MCKENZIE COUNTY, N.D. -- Josh Rockeman has braved miles of rough, windy roads deep in the heart of the Badlands and battled high water on the Little Missouri River.
It's a daily routine for the 7-year-old: He needs to get to school.
Josh and his dad have had some close calls. In the winter, their truck has fallen through the ice. In the spring, the high water has lapped close to the cable car they use to cross the river and get Josh to the Stevenson School.
But there's one thing his dad, Keith Rockeman, fears more than the waters and roads: The possibility that his son's one-room school could be closed.
''Every year, they try to shut us rural schools down,'' the western North Dakota rancher said. ''And it bothers me. We have an excellent school. Like they say, 'If it ain't broke, don't fix it.'''
One consolidation proposal discussed by legislators would require all school districts to have a high school. That could force the closing of all eight of North Dakota's one-room schools, which have a total of 58 middle school students.

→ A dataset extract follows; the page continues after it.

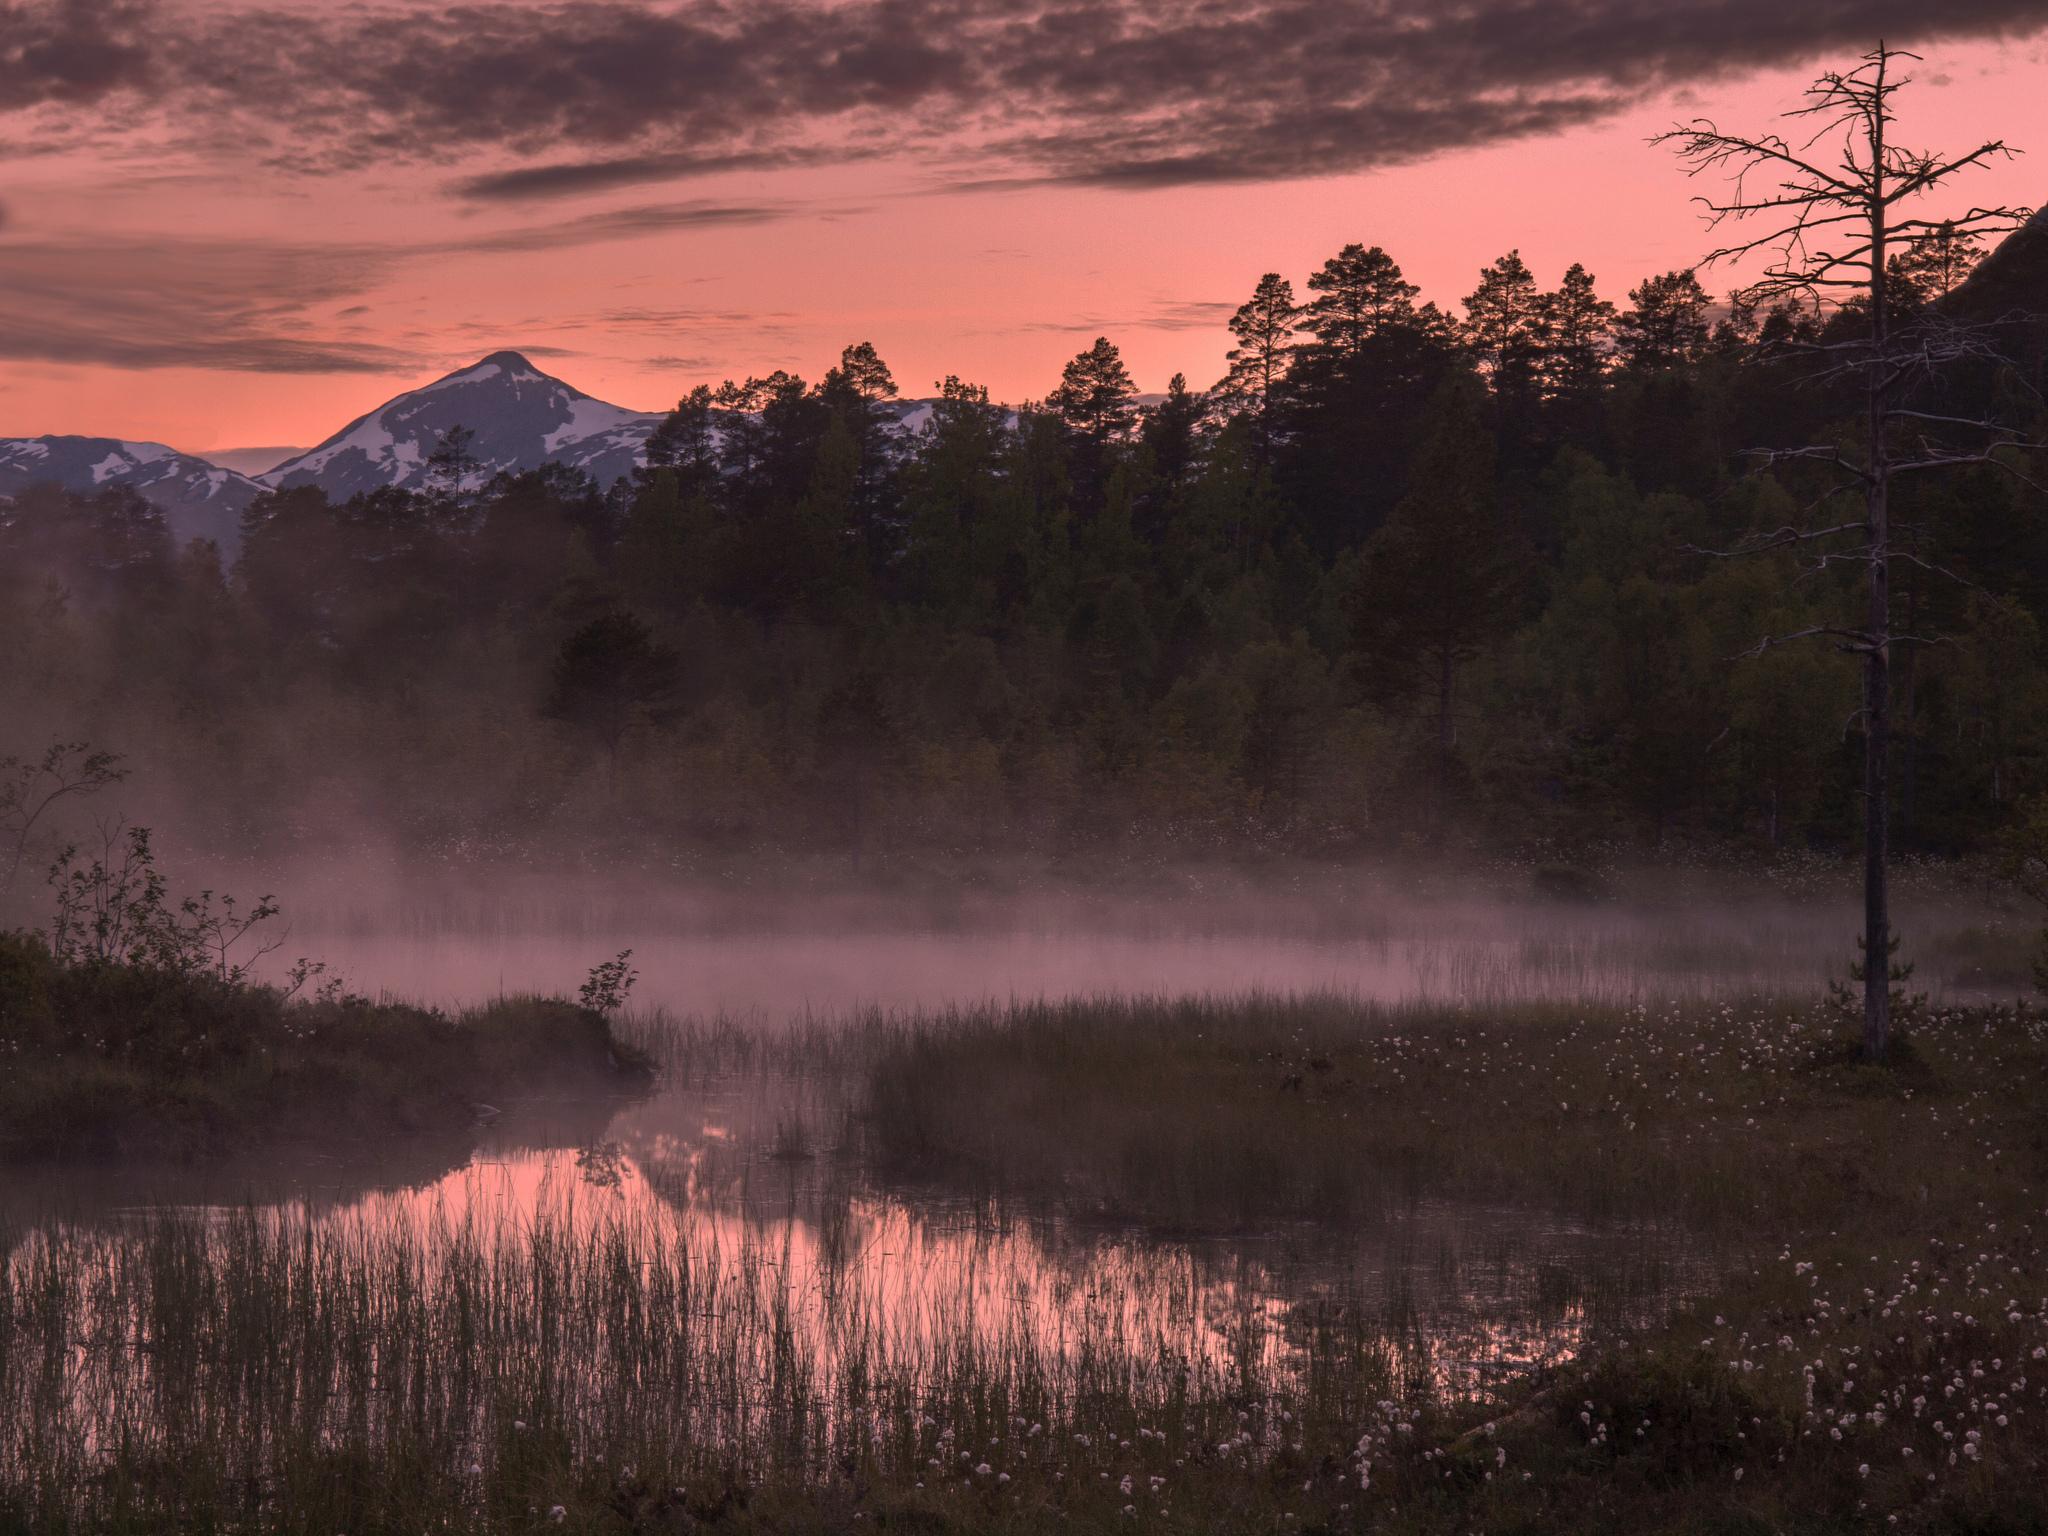 речка дерево зелень вечер туман  № 452920 бесплатно

Tom Decker, the state director of school finance and reorganization, argues that school districts should have high schools to provide what the state considers to be the minimum amount of education.
Rural teachers, parents and students say they are frustrated at city dwellers who don't understand why the one-room schools are important. Defenders say it keeps kids closer to home, keeps them in the countryside and offers one-on-one attention.
One-room schoolhouses invoke images of rundown wooden buildings that lack plumbing, heat or electricity. Mary Johnson remembers the days when the school had an outhouse for a restroom and a wood stove for heat.
But her two children have four computers, Internet access, a microwave, television and a VCR at the Stevenson School.
Teachers concede that one room schoolhouses have their drawbacks.
Fifth-grader Luscious Town-send said she misses having a gym, a stepping squad and a basketball team -- things she had in her old school in Milwaukee.
''There isn't much socialization,'' concedes Karen Goldsberry, her teacher at Squaw Gap.
The teachers in McKenzie County try to make up for that by taking the children ice skating or to student assemblies about 30 miles away in Sidney, Mont. The county's three schools even have joint holiday parties.
Stevenson School teacher Jan Bergstrom said students also may be at a disadvantage if their teacher is weak in a particular subject. But she said the small size can be an advantage because the one-on-one time is better.
At Squaw Gap, there are two adults -- a teacher and an aide -- for seven students.
Defenders of the school say the students are in a setting that forces them to work with children of different ages. The older children, they say, take it upon themselves to jump in to help them.
Keith Rockeman said he and other parents will not give up on their schools anytime soon.
''This is where I live,'' Rockeman said.